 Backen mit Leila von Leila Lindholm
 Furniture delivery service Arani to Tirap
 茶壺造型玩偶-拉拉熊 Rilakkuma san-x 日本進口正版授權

> _What is being asked_
Give a verbatim copy of the material above.

> _Answer box_
 Backen mit Leila von Leila Lindholm
 Furniture delivery service Arani to Tirap
 茶壺造型玩偶-拉拉熊 Rilakkuma san-x 日本進口正版授權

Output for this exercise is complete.